Defense: A. Missouri got some open shots, especially down low, in the second half, but the half-court offense really isn't Missouri's game. Defensively, the Huskers disrupted Mizzou's transition offense the entire game -- no fast break points and only 3 points off turnovers.
Rebounding: B. Despite being at a size disadvanage, the Huskers were only out-rebounded 35-30. They gave up 11 offensive boards, which extended some late Missouri possessions, but for the most part, that didn't kill them. Ryan Anderson and Ade Dagunduro came up with key rebounds every time we needed them.
Ball Handling: A. Okay, so 11 turnovers weren't great, but most of those were either dead ball turnovers or were immediately answered with Mizzou turnovers.
Coaching: A. Doc knew exactly how to disrupt Mizzou, and created a game plan that did just that. In the second half, it took a few timeouts to adjust the offense so we could score again, but in the end, he called for attacking the basket. I'm not sure what Toney McCray did, but Doc pulled him after a few decent minutes and he didn't come back in.
Overall: B+. A solid win that was made far more dramatic than it needed to be by an inability to score late in the second half. Defensively, Nebraska showed they can shut down anyone. The key to successful Big XII season is going to be scoring enough to win.
Player of the Game: Ade Dagunduro. The first half was the Ade Dagunduro show. Since the UMBC game, Ade has really come alive. If he continues to play the way he has, he has a good shot at all-conference teams by the end of the year.
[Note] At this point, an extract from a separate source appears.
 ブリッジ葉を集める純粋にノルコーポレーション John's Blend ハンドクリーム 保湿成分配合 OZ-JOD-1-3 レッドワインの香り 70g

Next Up: Wednesday 7PM, at Iowa State. TV on Fox Sports Midwest.
Around the Big XII:
Michigan State 75, Kansas 62: This game wasn't this close, with Kansas down 19 at the half. These certainly aren't last year's Jayhawks, but they're young and improving.
Oklahoma 61, Kansas State 53: A big road win for the Sooners, who hadn't beat K-State in 3 years. Blake Griffin continues to show how big a stud he is, with 29 points and 15 boards. It was also the first time Oklahoma beat a north-division opponent on the road since 2005.
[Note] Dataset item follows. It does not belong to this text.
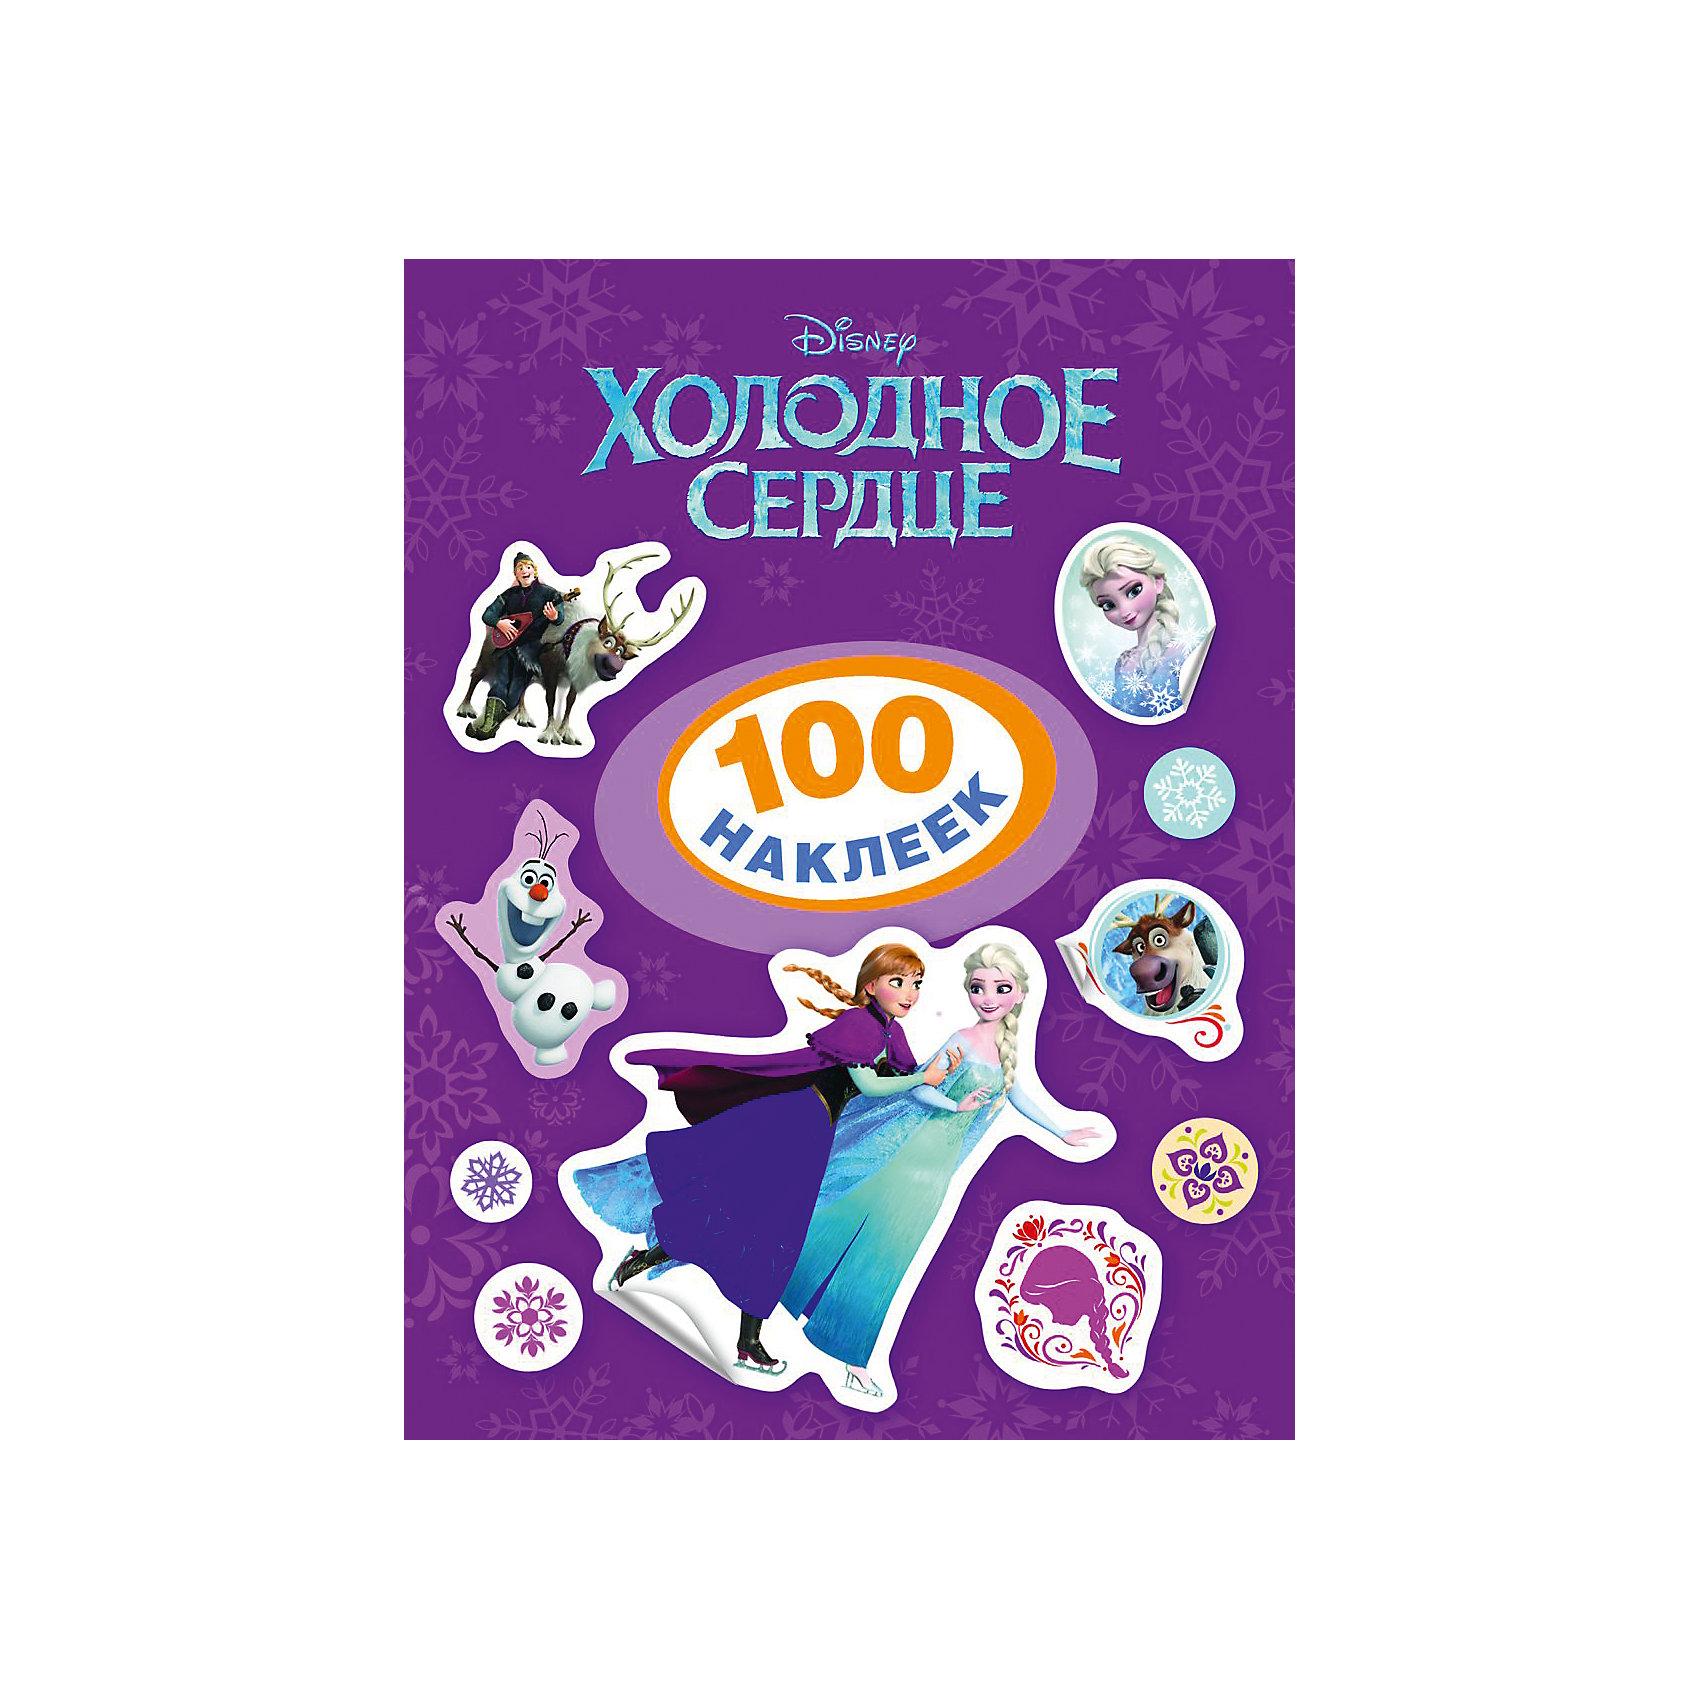 100 наклеек  , Холодное сердцеГерои популярных диснеевских мультфильмов в наклейках! В этом альбоме - целых 100 ярких наклеек. Укрась портретами персонажей комнату, тетради и игрушки! <br><br>Дополнительная информация:<br><br>- Формат: 20х15 см.<br>- Переплет: мягкий.<br>- Количество страниц: 8. <br>- Иллюстрации: цветные. <br><br>100 наклеек, Холодное сердце (Frozen), можно купить в нашем магазине.<br><br>Ширина мм: 200<br>Глубина мм: 150<br>Высота мм: 1<br>Вес г: 32<br>Возраст от месяцев: 36<br>Возраст до месяцев: 108<br>Пол: Женский<br>Возраст: Детский<br>SKU: 4547361

Baylor 73, Texas Tech 61: The Red Raiders simply don't look very good, and Baylor does. The Bears shoot a lot (they didn't shoot particularly well, though). Texas Tech has scored 167 in a game this year, and given up 111 in another.
Texas 75, Iowa State 67: A surprisingly good performance by the Cyclones on the road against a top-10 opponent. Iowa State shot fairly well from 3-point range, but sent Texas to the line way too much. AJ Abrams was 2-10 shooting, his fifth-straight cold-shooting performance, which doesn't bode well for the Big Monday showdown with Oklahoma.
Oklahoma State 72, Texas A&M 61: There's 4 good teams in the South, and it's gonna be just as easy for one of these two teams to go 6-10 as it would be to go 10-6. A&M breezed through their nonconference schedule, but may struggle in conference play with a brutal schedule.